DATA EXTRACT.
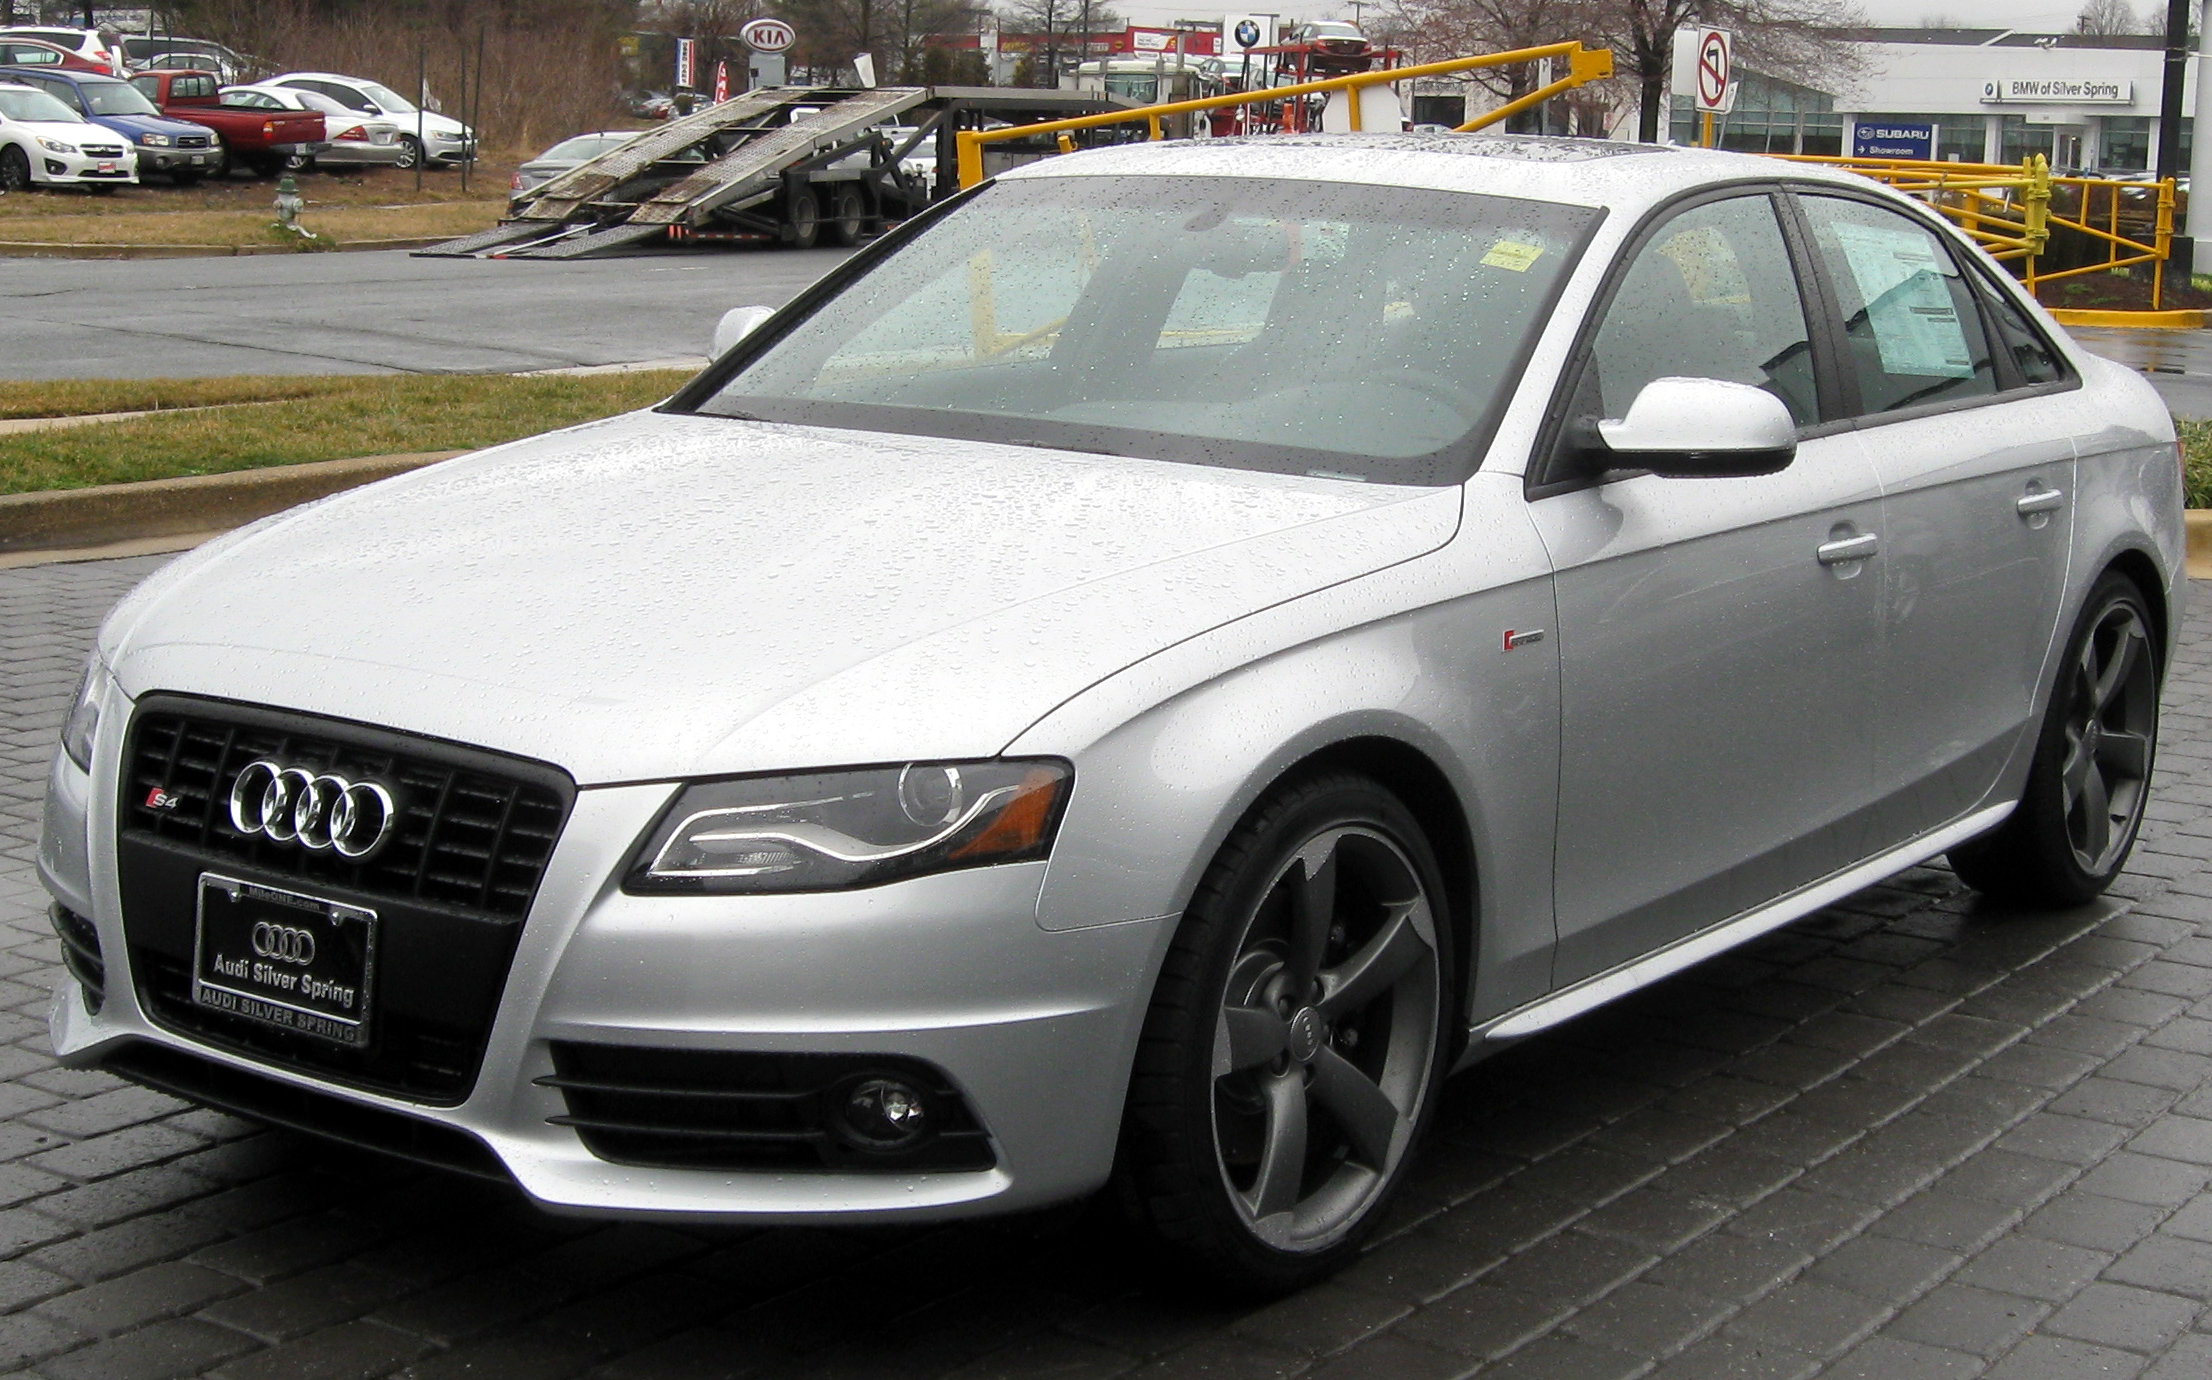 2012 Audi S4 Image 18
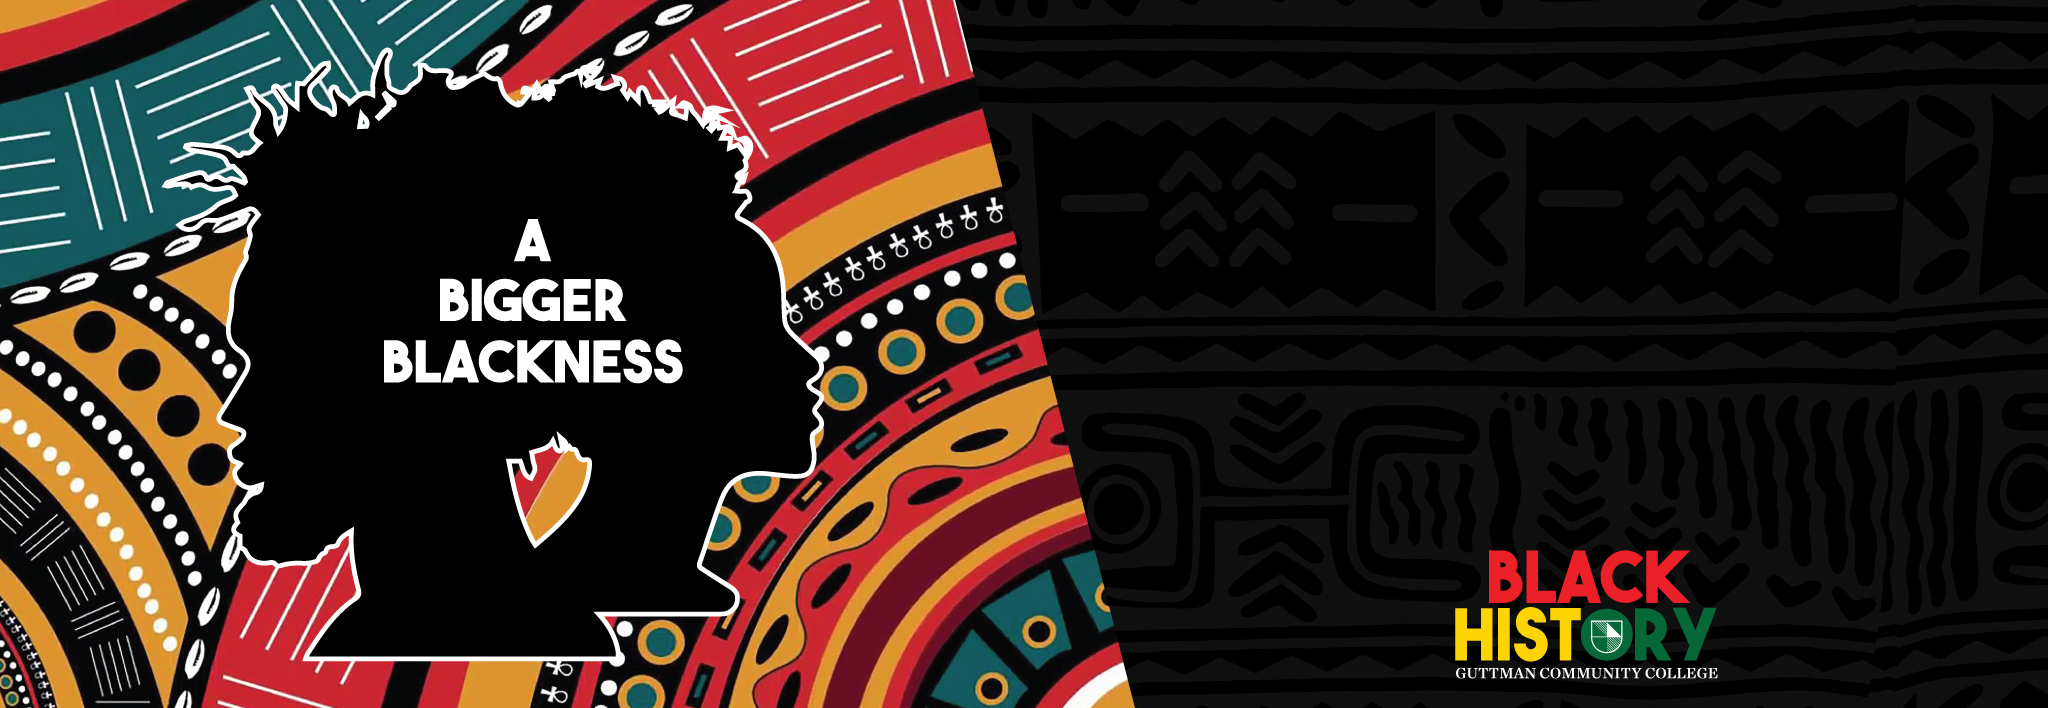 Black History Month theme: a Bigger Blackness
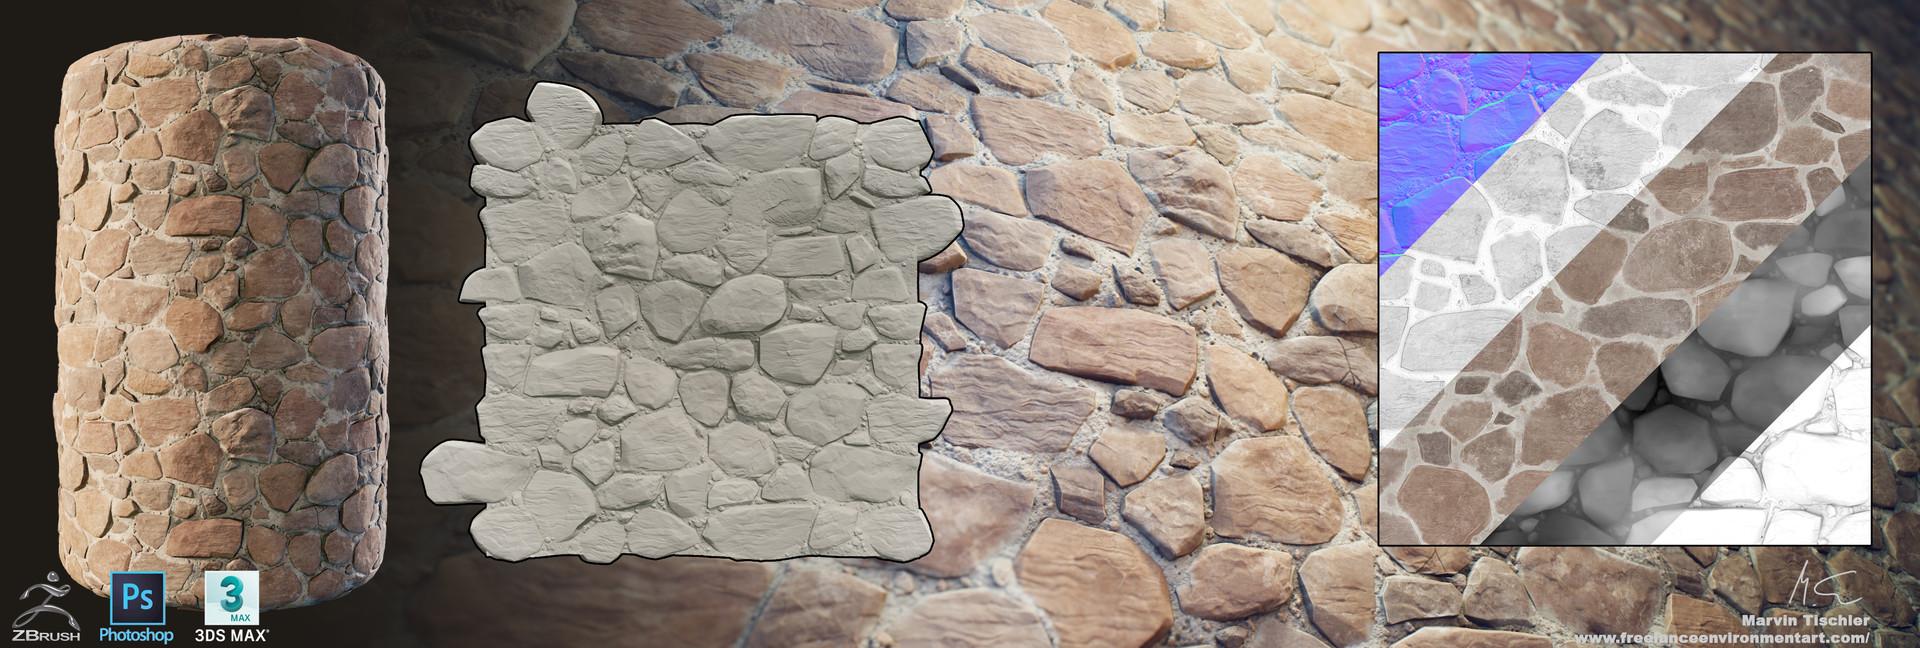 Marvin tischler textures 002 n
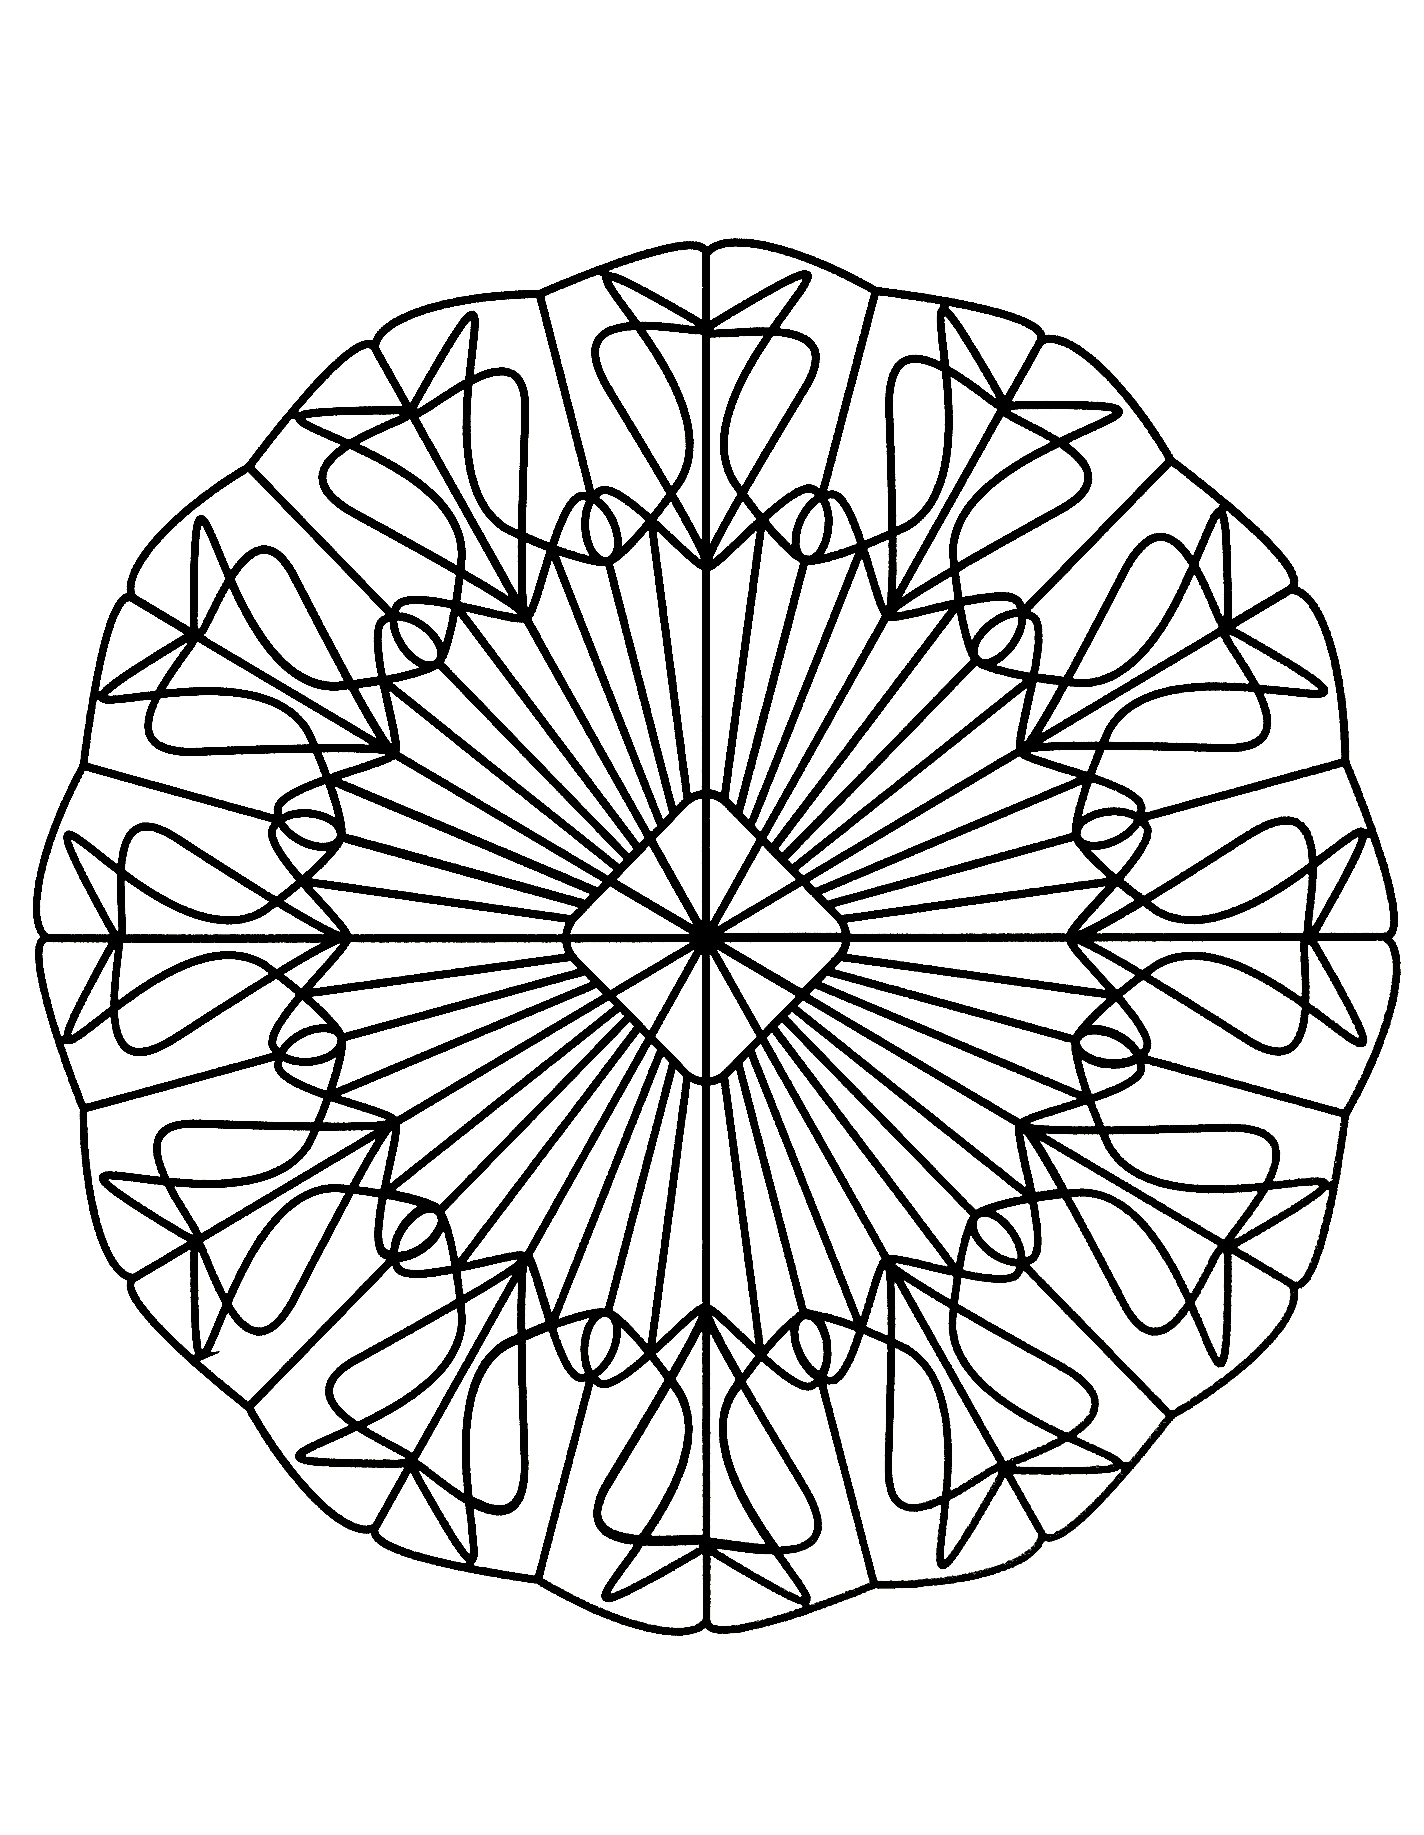 Mandala to download 47

WHAT IS BEING ASKED. When you copy the lines above, drop the pictures and keep everything else exact.

REPLY TO THE TASK.
 2012 Audi S4 Image 18
 Black History Month theme: a Bigger Blackness
 Marvin tischler textures 002 n
 Mandala to download 47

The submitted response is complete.